Facebook Competes with Google: Graph Search

Continuing a trend of using members’ profile information for such purposes as targeted advertising, Facebook is now taking those analytics and applying them to a user-friendly new tool: targeted searches. It’s known as Graph Search.

Yesterday, Facebook revealed that it’s now in beta testing for an internal search option that allows users to receive results according to the preferences of their friends and family members. For example, it will give you results based on what your “friends” have “liked” — and those results will then be ranked according to the opinions of your closest confidantes first, which is gauged by how much you’ve interacted with them. Results are also ranked according to how many of your top friends collectively have “liked” certain pages, places, photos and similar content.

The Wall Street Journal quotes these as sample search phrases:

  • “Music that people who like Mitt Romney like.”
  • “Movies my friends in San Francisco like.”
  • “Photos my friends took in the 1990s.”
  • “Friends of friends who are men and single in Palo Alto.”
  • “Languages my friends from college speak.”
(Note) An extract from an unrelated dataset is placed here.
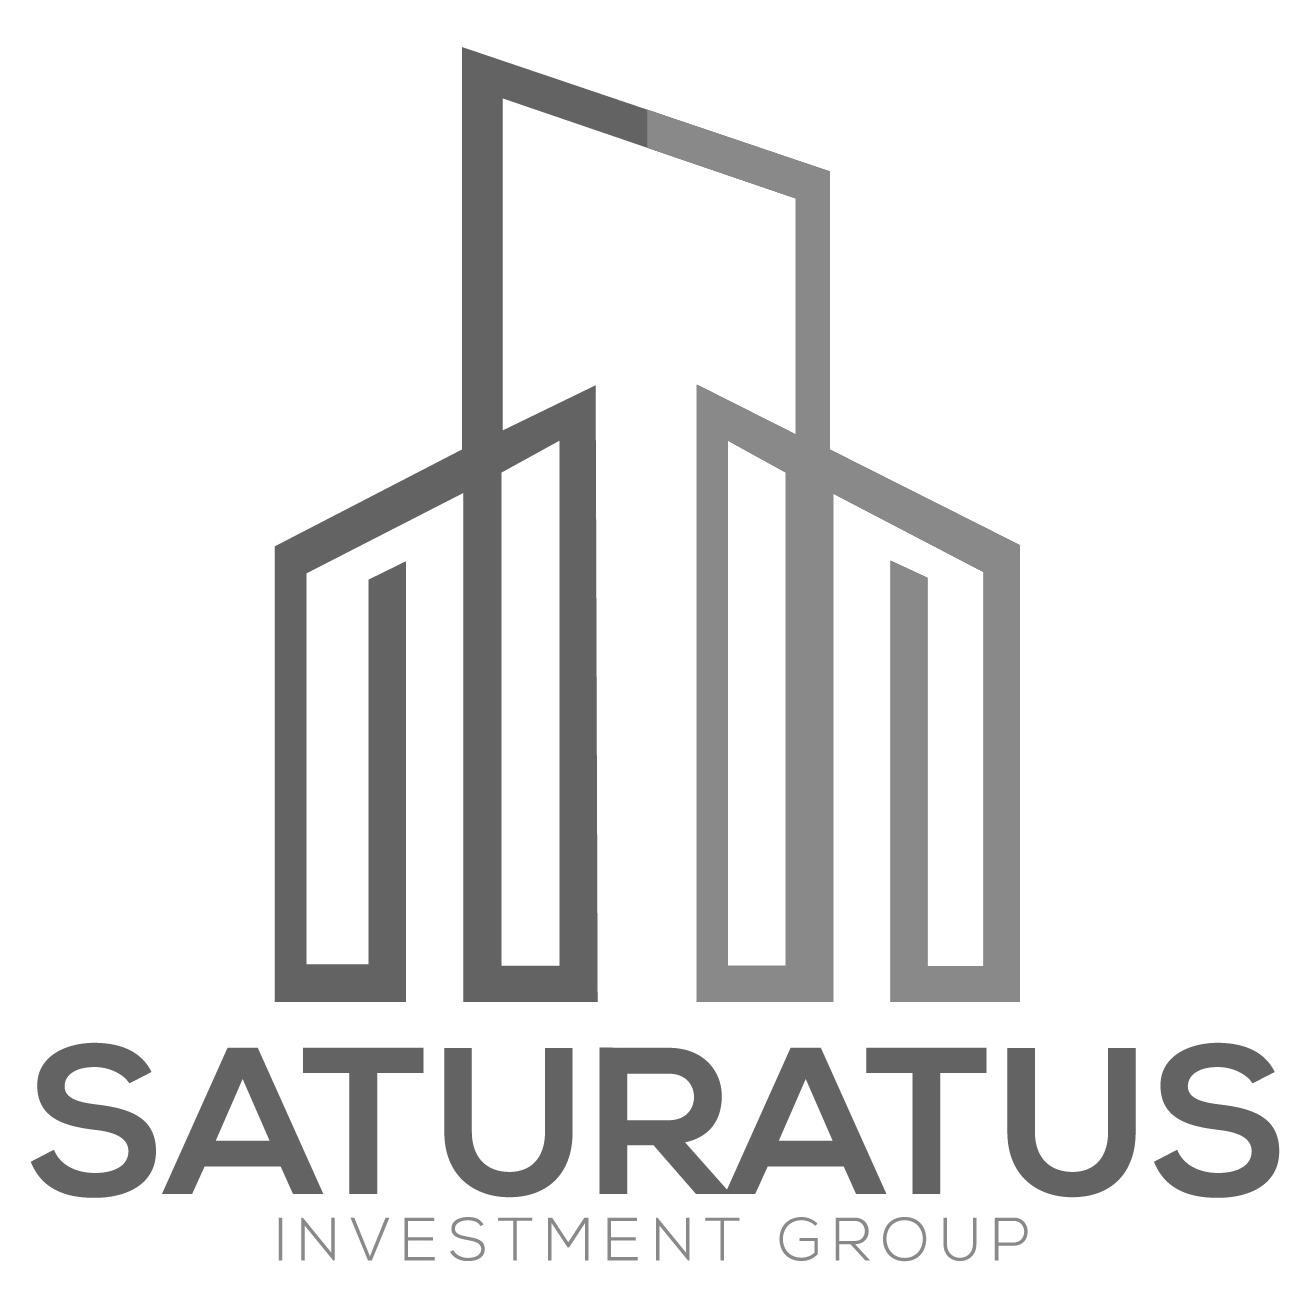 Saturatus Investment Group

That not only means website results, but also photos and business pages. For marketers, this news is important because it would mean that if a business page has a high amount of “likes” within a certain community, then when anyone in that community searches for related content, the business page would be boosted to the top of the search results list on Facebook. Ultimately, it’s an algorithm that rewards popularity and loyalty, which is perfect for social media marketing.

The remaining results will come organically from Microsoft’s search engine, Bing! This could be a bold move for Bing! to come into closer competition with top-ranking search engine, Google. Google has similarly tried to incorporate search engine results with social media through its Google+ services.